1.3. Afbakening in tijd

 

We nemen 1880 als aanvangsjaar voor onze studie omdat dit jaar geboekstaafd staat als het moment waarop het artistieke en intellectuele réveil in België is doorgebroken. Deze periode is ook belangrijk door een aantal politieke en sociale verschuivingen in België en Gent die samenhangen met het culturele aspect van de maatschappij, zoals we in de inleidende hoofdstukken zullen schetsen. Net zo min als deze evolutie plots begint in 1880, kent ze ook geen abrupt einde. Maar gaat door, om langzaam uit te sterven, en overgalmd te worden door andere evoluties, in de jaren voor de Eerste Wereldoorlog. Meteen de einddatum van onze periode, aangezien de eerste wereldbrand een storing teweegbracht op cultureel, sociaal- economisch en politiek vlak.[11]

 

home lijst scripties inhoud vorige volgende  

 

[9] LAMBRECHT (J.), De beperkte aanwezigheid van vrouwelijke kunstenaars in de beeldende kunsten: sociale en kunsthistorische factoren. Methodologische verkenning, in: Handelingen van de Koninklijke Zuidnederlandse Maatschappij voor Taal- en Letterkunde en Geschiedenis, XLIII (1989), p. 308.
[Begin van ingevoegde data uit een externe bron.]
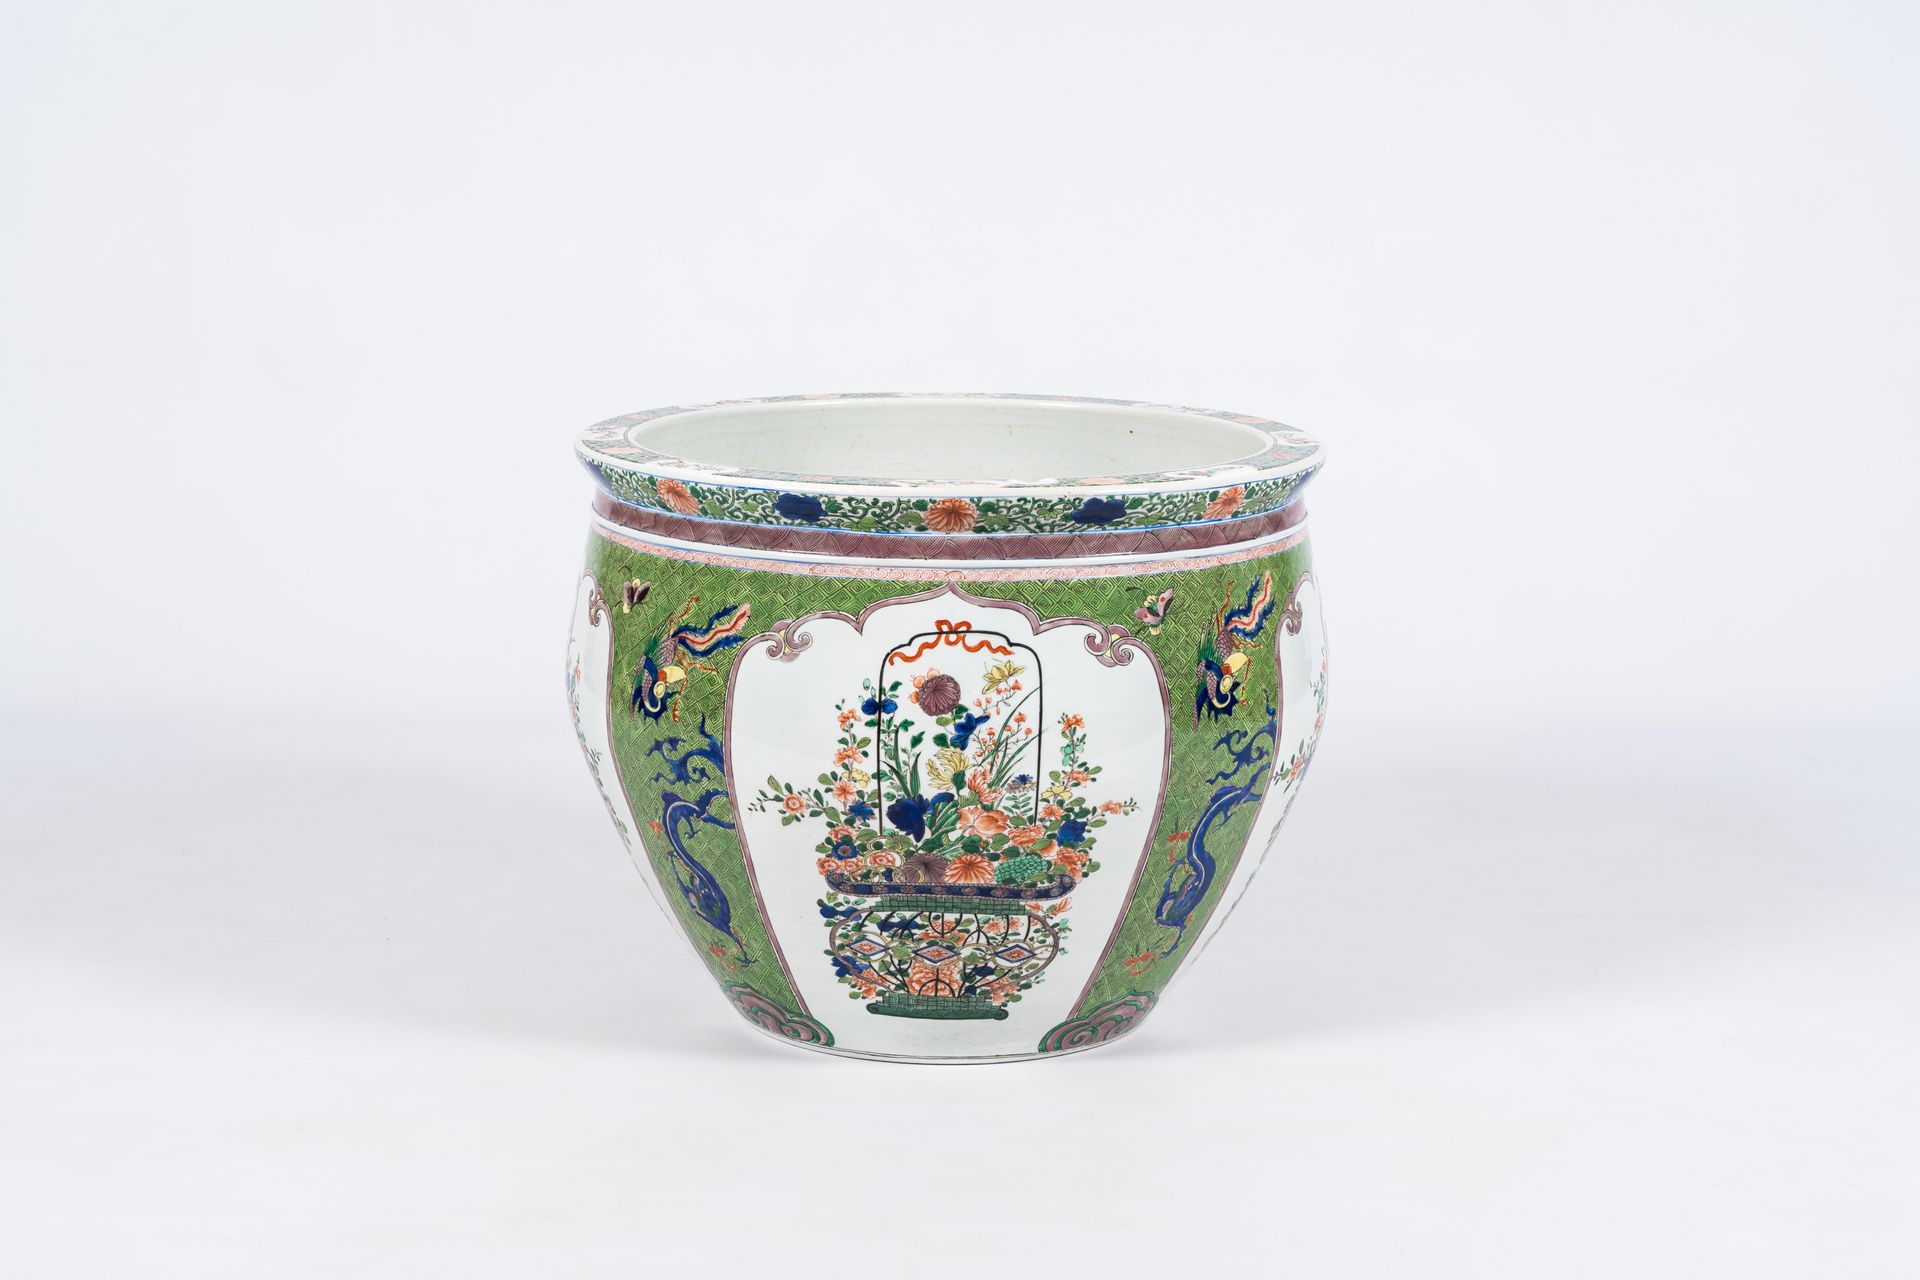 A French Samson famille verte style jardiniere with phoenixes, dragons and flowe&hellip;

[10] Rose Calmels staat eenmaal vermeld in de rubriek ‘kunstoefenaren’ in de WW, in 1883. In datzelfde jaar vinden we haar ook terug op een tentoonstelling van de ‘Cercle Artistique et Littéraire’ van Gent. Haar vader staat in de WW van 1881 tot 1883 , hij is vertegenwoordiger van de ‘Companie der Waterleidingen’. Op het vermelde adres, Sint-Pietersnieuwstraat 27, is in de bevolkingsregisters deze familie niet terug te vinden. Ook in het fiche-systeem komt de familienaam ‘Calmels’ niet voor.

[11] DE CLERCQ (Freya), op. cit., p. IV.